25 juin 2008
Les bras des hommes
À cette époque les sources d'énergie disponibles ne pouvaient être que les chevaux, ou plus souvent les bœufs, les bras des hommes, le vent et, bien entendu, l'eau des rivières. Les moulins étaient donc des points forts de l'économie locale.
C'est pourquoi le lit de la rivière recevait tous les soins nécessaires : à la faux, sur des barques plates, les hommes coupaient les herbes poussant au fond... Ils taillaient les arbres des rives, les peupliers, les ormes... Ils évacuaient la vase... Et chaque jour ils visitaient les digues, les chaussées de pierre et les écluses, pour réparer les dégâts provoqués par la force du courant.
Sans ce travail, les deux roues à aube du moulin n'auraient pas pu tourner.
Les jours d'été étaient brûlants.

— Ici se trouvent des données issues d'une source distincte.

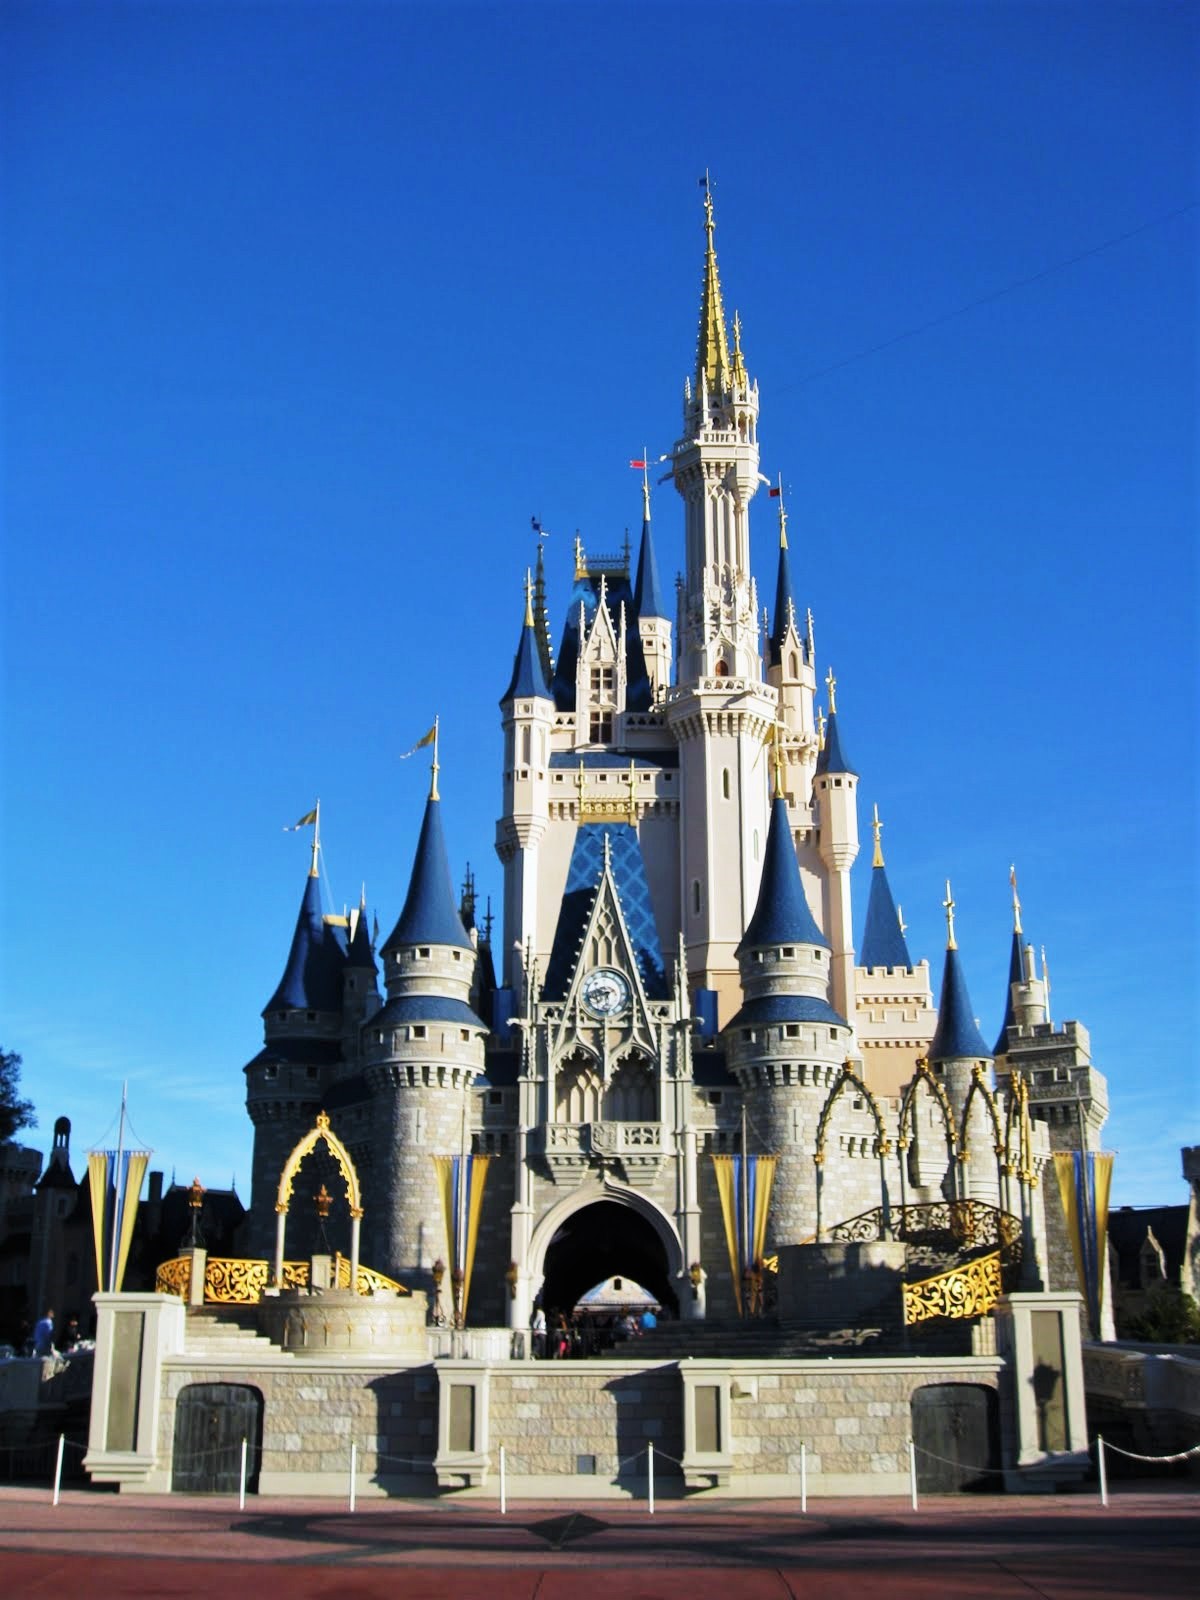 Cinderella Castle | Disney Wiki | FANDOM powered by Wikia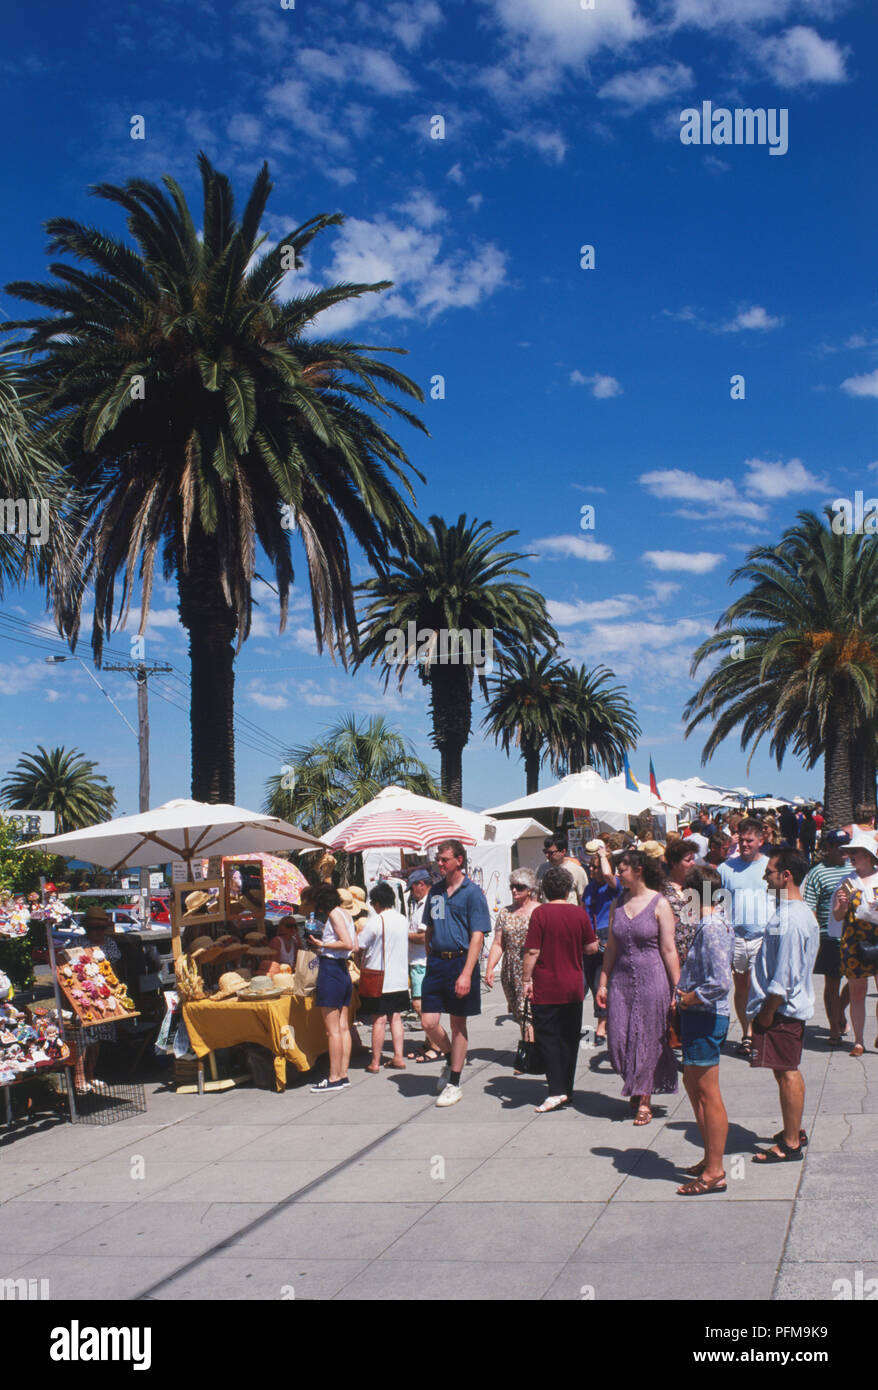 Australien, Melbourne, St Kilda Esplanade, Menschenmassen, Handwerkermarkt am von Palmen gesäumten Boulevard. Stockfoto

L'eau de la rivière ruisselait sur les deux roues, la "grande" et la "petite". Une fraîcheur indescriptible saisissait quand on s'approchait d'elles. Le vacarme des roues rendait sourd. Les poulies, les pignons, les couronnes dentées n'arrêtaient jamais leur mouvement.
Aujourd'hui c'est ainsi, tout s'est tu, sauf quelques semaines durant l'année, de temps en temps, les cris joyeux des vacanciers en canoë.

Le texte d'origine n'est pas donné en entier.